Task statement: Write the listing out once more, identical to the original but without pictures.

Given information:
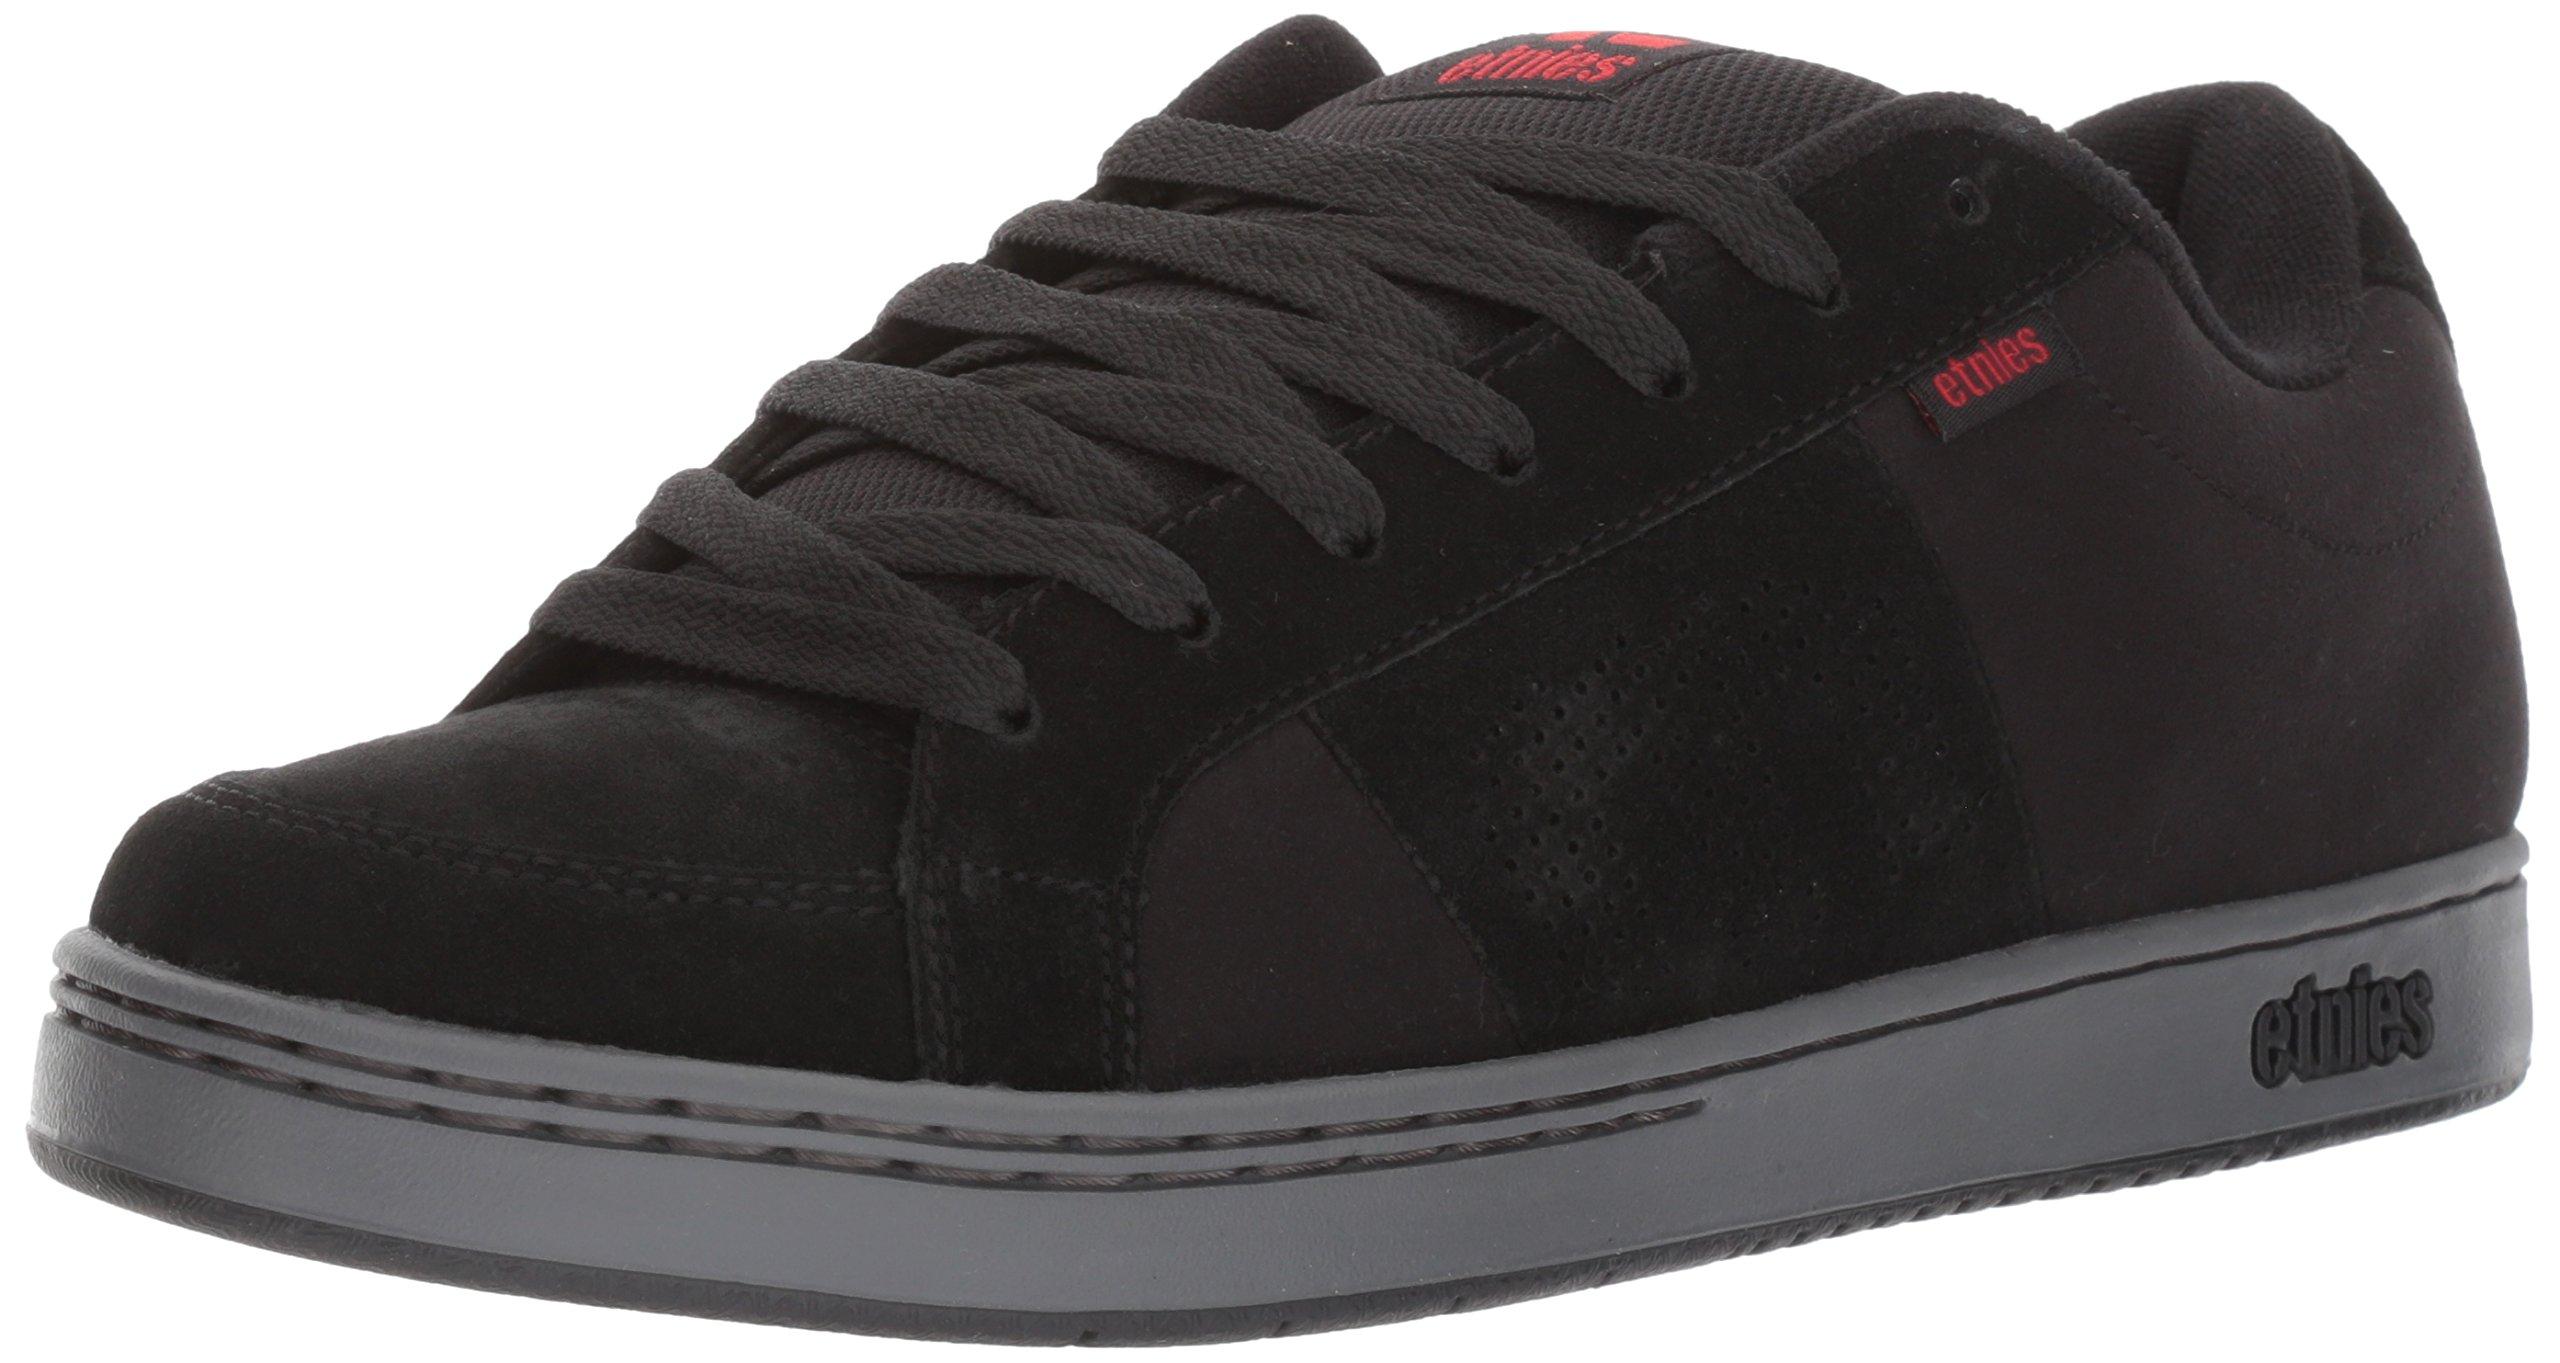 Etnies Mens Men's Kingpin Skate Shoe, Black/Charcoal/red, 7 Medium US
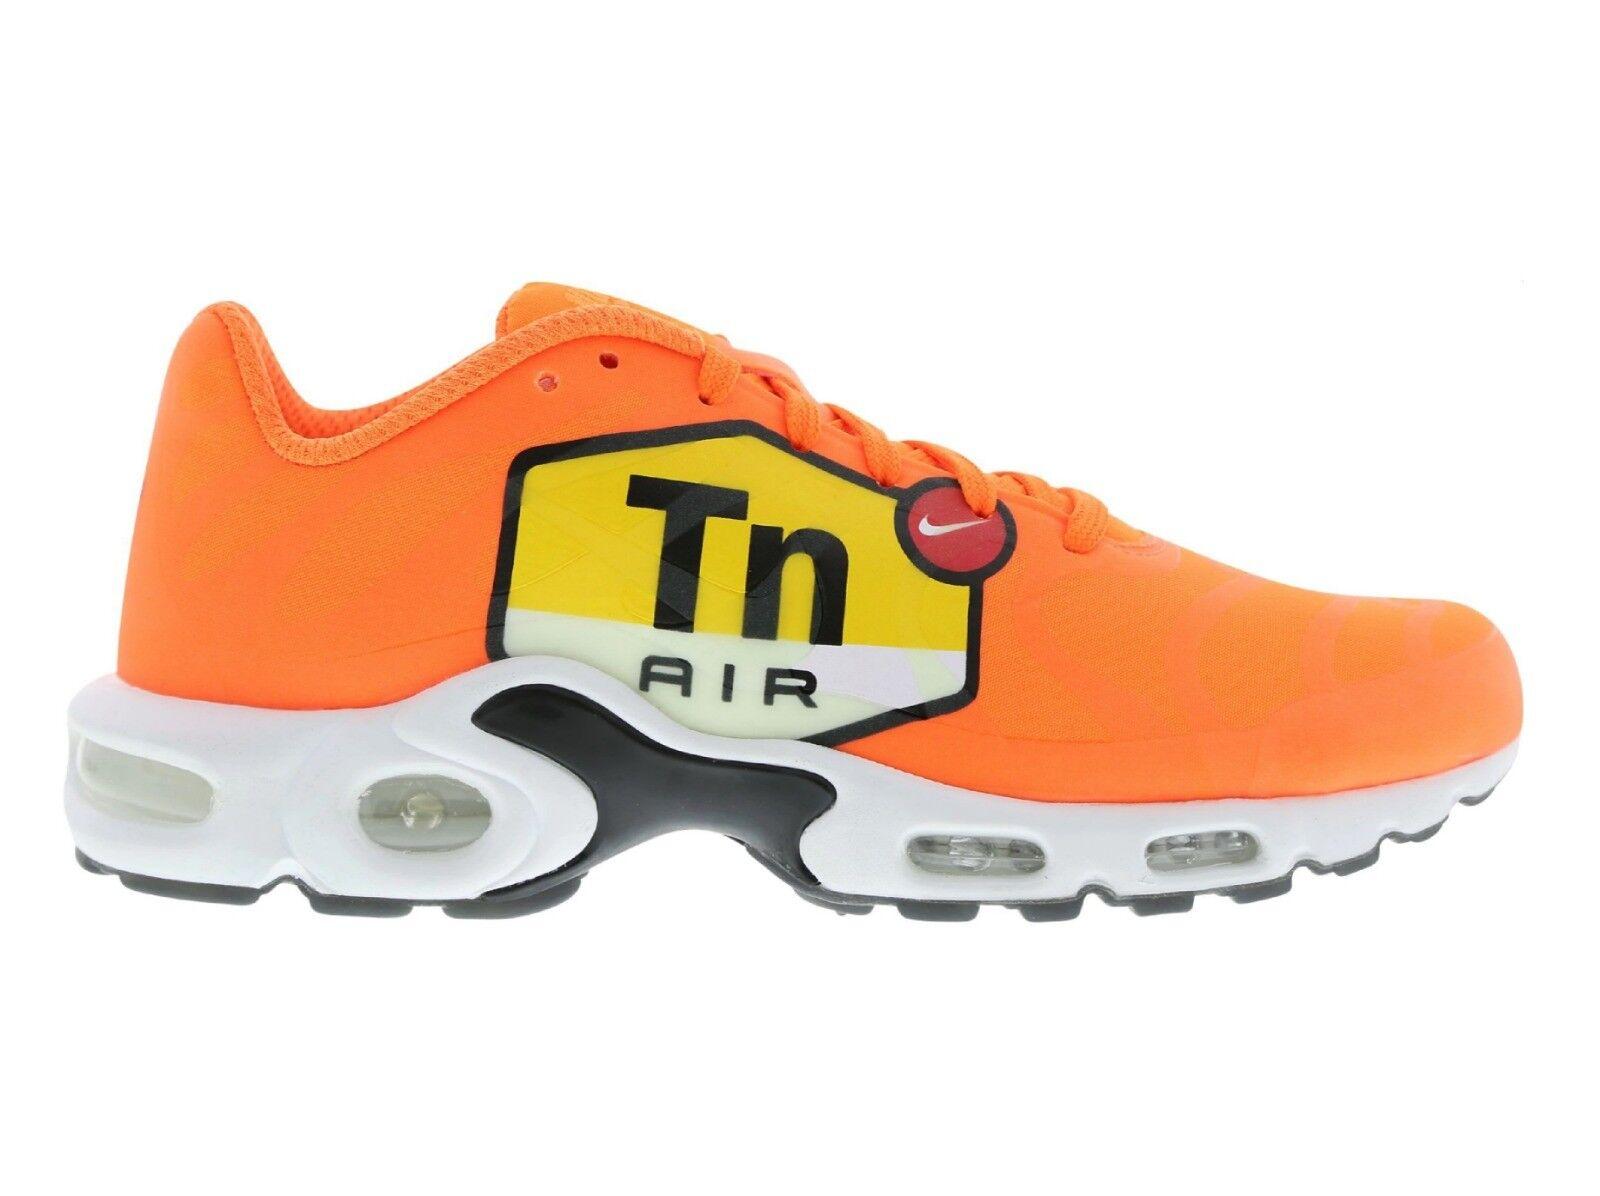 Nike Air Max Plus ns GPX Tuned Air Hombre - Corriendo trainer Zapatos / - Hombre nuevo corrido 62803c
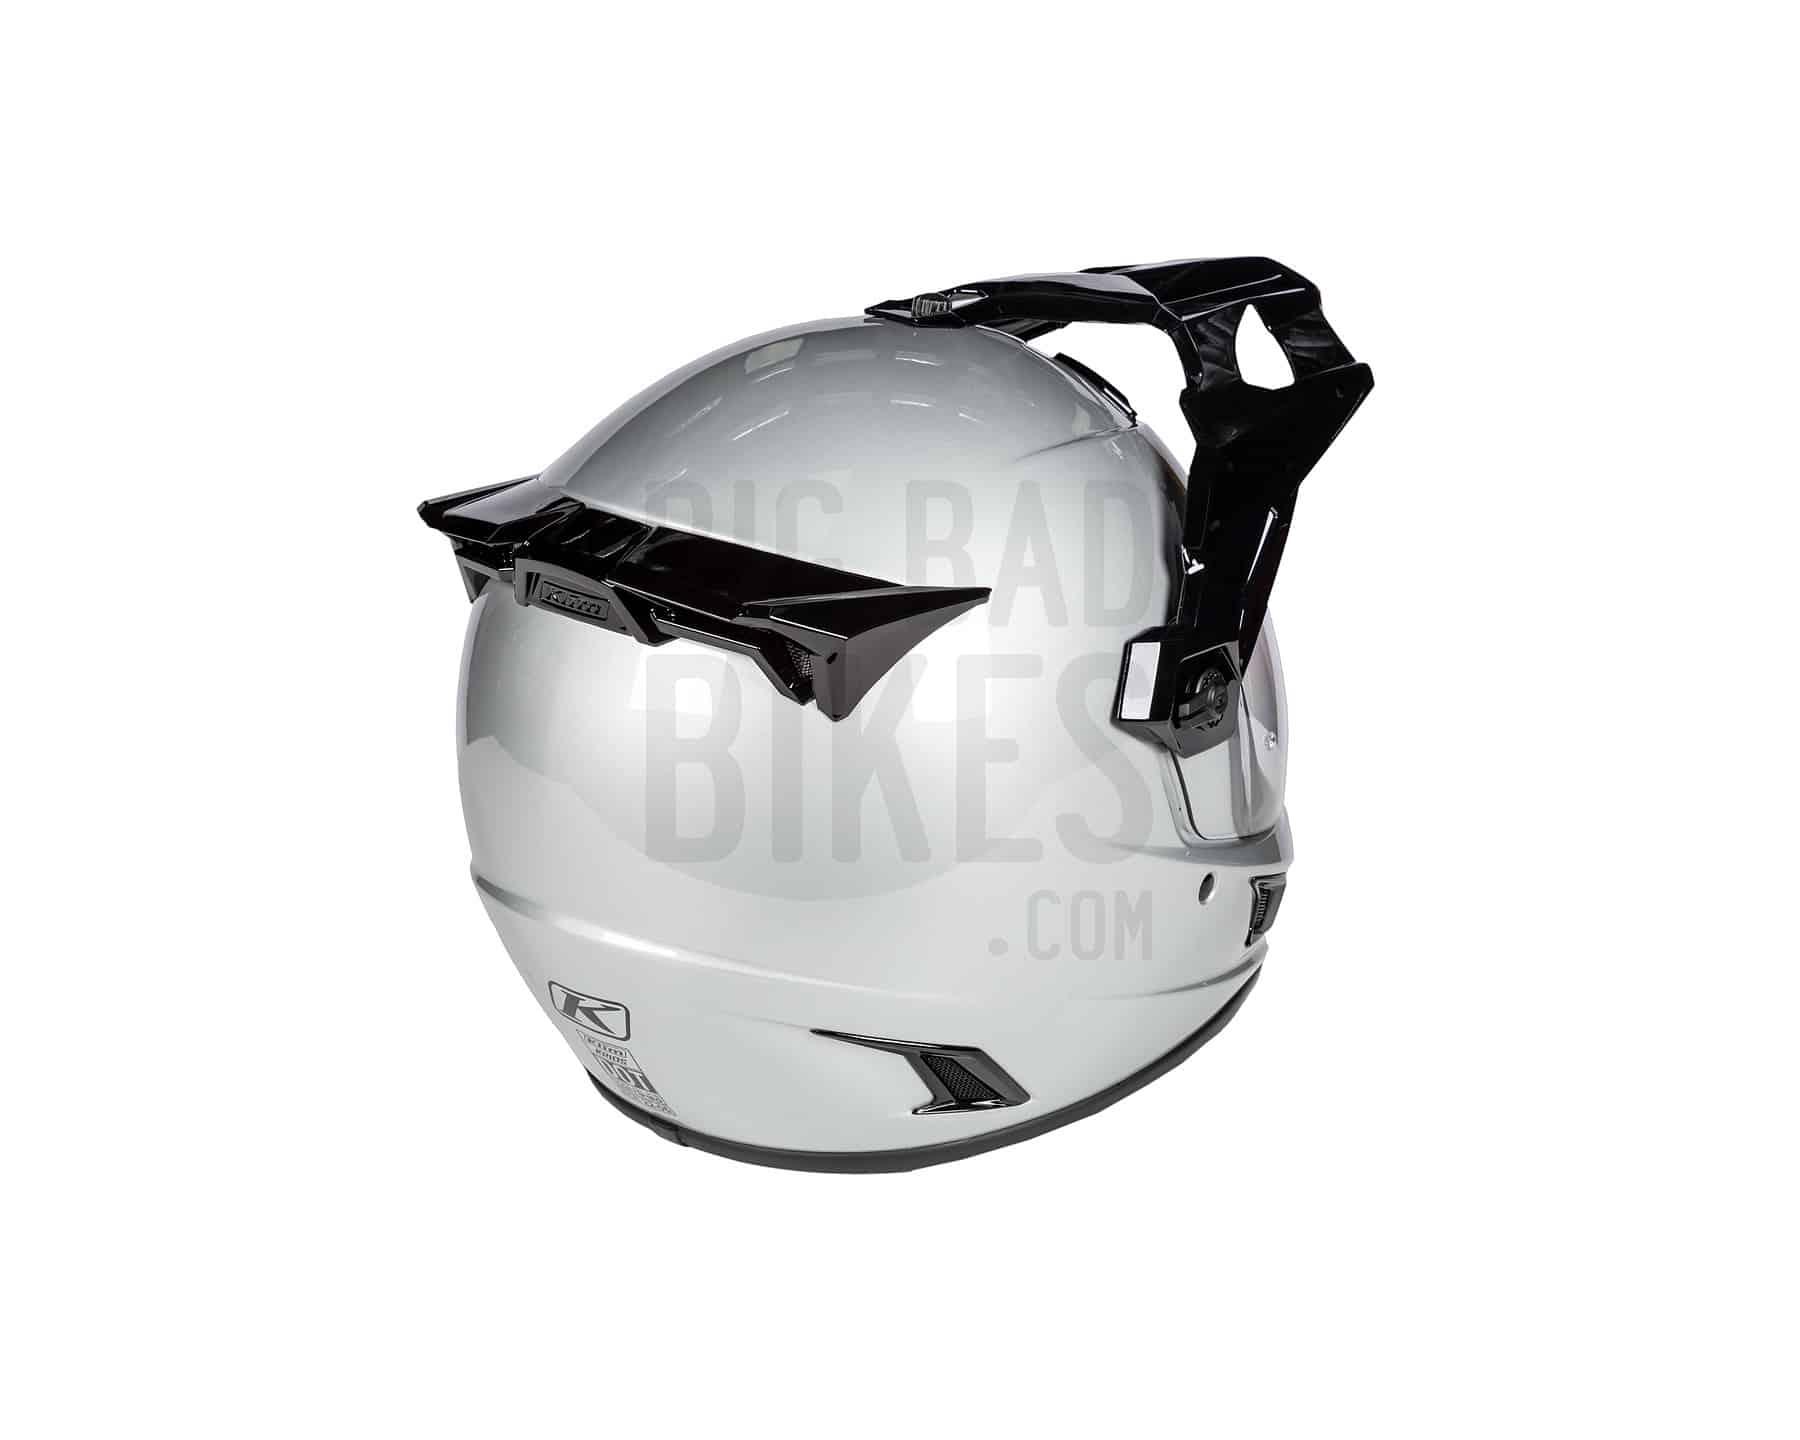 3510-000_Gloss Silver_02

Task response:
 Etnies Mens Men's Kingpin Skate Shoe, Black/Charcoal/red, 7 Medium US
 Nike Air Max Plus ns GPX Tuned Air Hombre - Corriendo trainer Zapatos / - Hombre nuevo corrido 62803c
 3510-000_Gloss Silver_02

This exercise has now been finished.